Representation alignment has emerged as an effective approach to improve Multimodal Large Language Models (MLLMs) by regularizing their internal representations toward those of an external vision encoder. However, existing methods typically align a fixed layer of the language backbone, overlooking the fine-grained structure of Transformer models. In this work, we propose Head-Wise Representation Alignment (HeRA), a method that enforces cross-modal alignment at the level of individual attention heads. Our approach is grounded in the Platonic Representation Hypothesis, focusing on preserving the topological structure of representations (i.e., their local neighborhood relationships) across modalities. Following the Mutual K-Nearest Neighbor (MKNN) alignment metric, we introduce a contrastive objective that acts as a differentiable proxy for matching local structures. HeRA applies this objective during multimodal training to specific attention heads in the LLM, selected by their alignment score according to the MKNN metric. Counterintuitively, we find that aligning the least aligned heads yields the largest gains. Extensive evaluations across multiple MLLMs and 18 benchmarks demonstrate that HeRA consistently improves performance on challenging vision-centric tasks and serves as an effective regularizer against visual hallucinations by naturally curbing the over-reliance on linguistic priors. Our code is publicly released.

Editorial analysis

A structured set of objections, weighed in public.

Desk editor's note, referee report, simulated authors' rebuttal, and a circularity audit. Tearing a paper down is the easy half of reading it; the pith above is the substance, this is the friction.

Referee Report

3 major / 2 minor

Summary. The paper proposes Head-Wise Representation Alignment (HeRA) for Multimodal LLMs. It selects attention heads by their MKNN alignment score, applies a contrastive loss that serves as a differentiable proxy for preserving local neighborhood topology across modalities, and reports that aligning the least-aligned heads produces the largest gains. The method is evaluated on multiple MLLMs across 18 benchmarks, with claimed improvements on vision-centric tasks and reduced visual hallucinations; code is released.

Significance. If the results hold after the requested controls, the work would demonstrate that per-head topological alignment can outperform conventional layer-wise approaches and act as a regularizer against linguistic priors. The public code release and multi-model, multi-benchmark evaluation are positive factors for verifiability.

major comments (3)
  1. [§3.2 and §4] §3.2 (MKNN contrastive objective) and §4 (experimental results): the central claim that MKNN topology preservation is the operative mechanism requires an ablation that applies an equivalent-magnitude contrastive loss to the same least-aligned heads without the MKNN term. The current results do not isolate whether gains arise from the topological proxy, the selection heuristic, or loss weighting.
  2. [§4] §4 (head selection and evaluation): the exact threshold or number of heads chosen by the MKNN score is not stated, nor are statistical significance tests or confidence intervals reported for the gains across the 18 benchmarks. These omissions are load-bearing for assessing whether the counter-intuitive finding (least-aligned heads yield largest gains) is robust.
  3. [§4] §4 (baselines): the experimental setup does not clarify whether the reported baselines include recent head-wise or layer-wise alignment methods that also target internal representations; without this, the relative contribution of HeRA cannot be fully evaluated.
minor comments (2)
  1. [Abstract and §3] The abstract and method section could explicitly state the typical number of heads aligned and the value of the contrastive loss weight used in the reported experiments.
  2. [Figure 2 / results tables] Figure 2 or the corresponding results table would benefit from error bars or per-benchmark variance to support the claim of consistent gains.
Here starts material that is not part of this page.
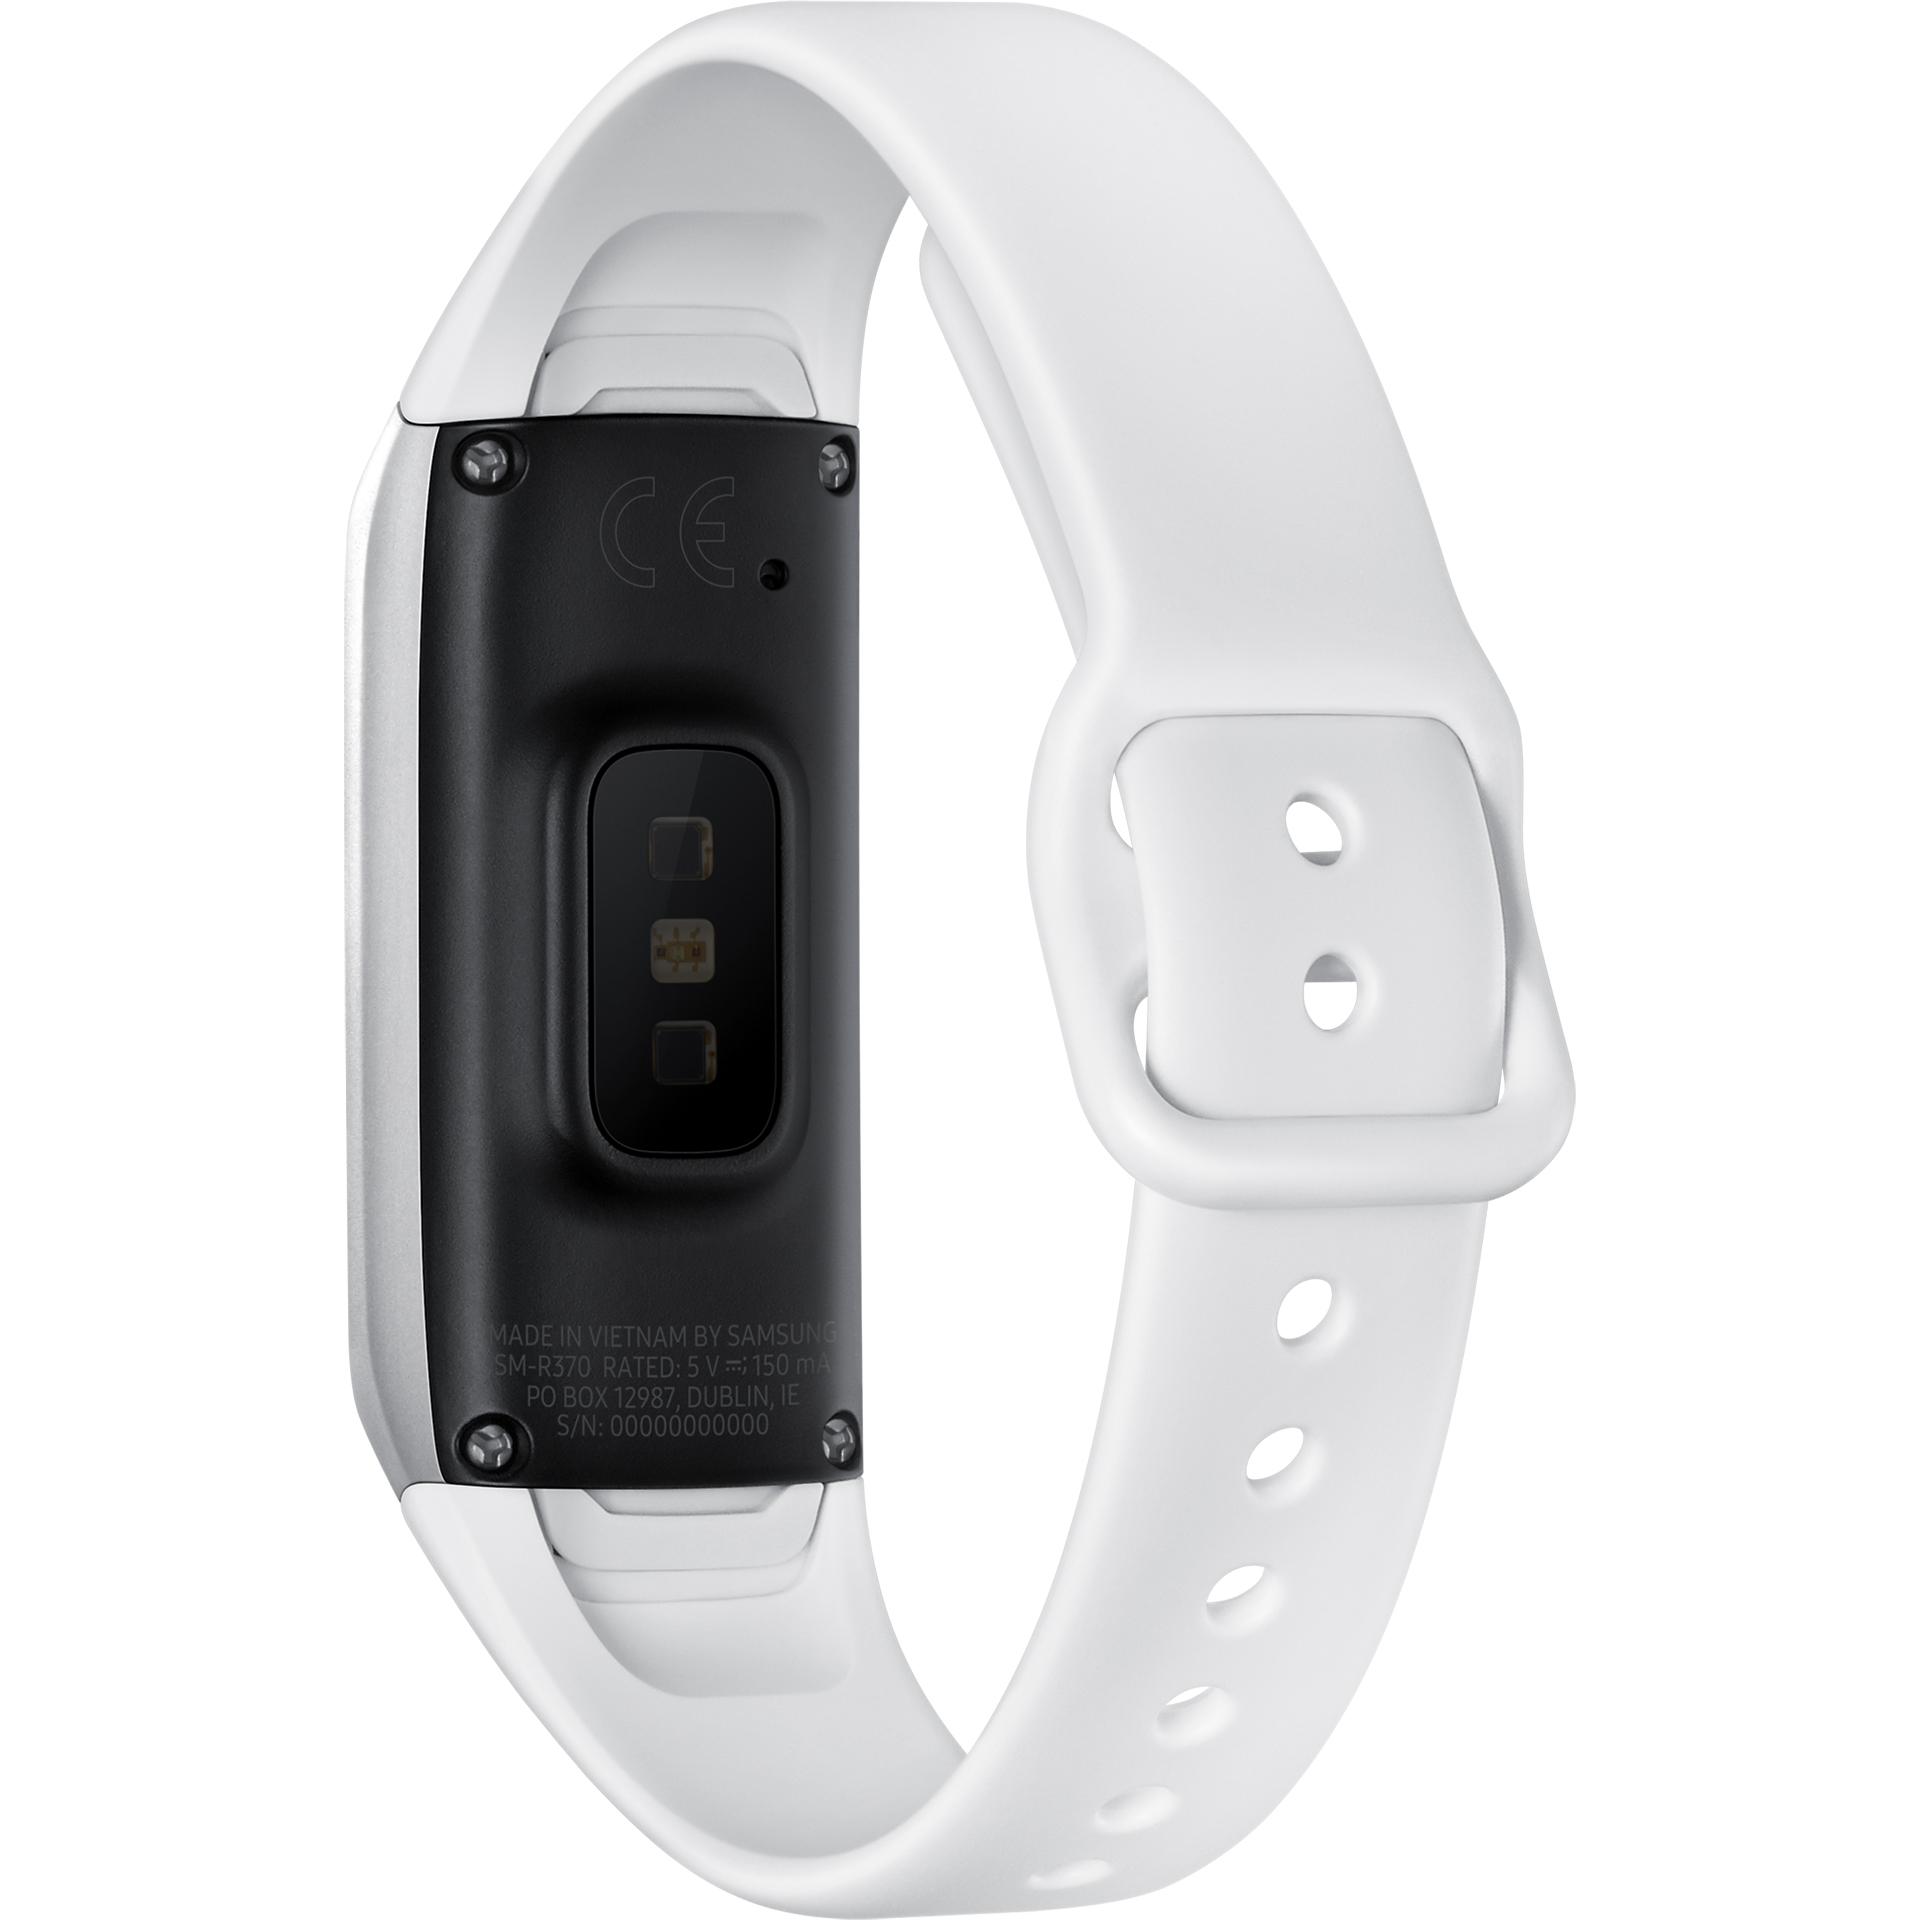 aktiivsusmonitor Samsung Galaxy Fit (valge)

Simulated Author's Rebuttal

3 responses · 0 unresolved

We thank the referee for the constructive feedback. We address each major comment below and will revise the manuscript accordingly to strengthen the experimental validation and clarity.

read point-by-point responses
  1. Referee: [§3.2 and §4] §3.2 (MKNN contrastive objective) and §4 (experimental results): the central claim that MKNN topology preservation is the operative mechanism requires an ablation that applies an equivalent-magnitude contrastive loss to the same least-aligned heads without the MKNN term. The current results do not isolate whether gains arise from the topological proxy, the selection heuristic, or loss weighting.

    Authors: We agree that an ablation isolating the MKNN term is necessary to substantiate the topological mechanism. In the revision we will add this control: a standard contrastive loss (InfoNCE without neighborhood matching) applied to the identical set of least-aligned heads at equivalent magnitude, allowing direct comparison of whether the MKNN-based topological proxy drives the gains beyond selection or weighting effects. revision: yes

  2. Referee: [§4] §4 (head selection and evaluation): the exact threshold or number of heads chosen by the MKNN score is not stated, nor are statistical significance tests or confidence intervals reported for the gains across the 18 benchmarks. These omissions are load-bearing for assessing whether the counter-intuitive finding (least-aligned heads yield largest gains) is robust.

    Authors: We will explicitly state the MKNN-score threshold and resulting number of heads selected in §4. We will also add paired statistical significance tests and 95% confidence intervals for all reported gains across the 18 benchmarks to demonstrate robustness of the least-aligned-heads result. revision: yes

  3. Referee: [§4] §4 (baselines): the experimental setup does not clarify whether the reported baselines include recent head-wise or layer-wise alignment methods that also target internal representations; without this, the relative contribution of HeRA cannot be fully evaluated.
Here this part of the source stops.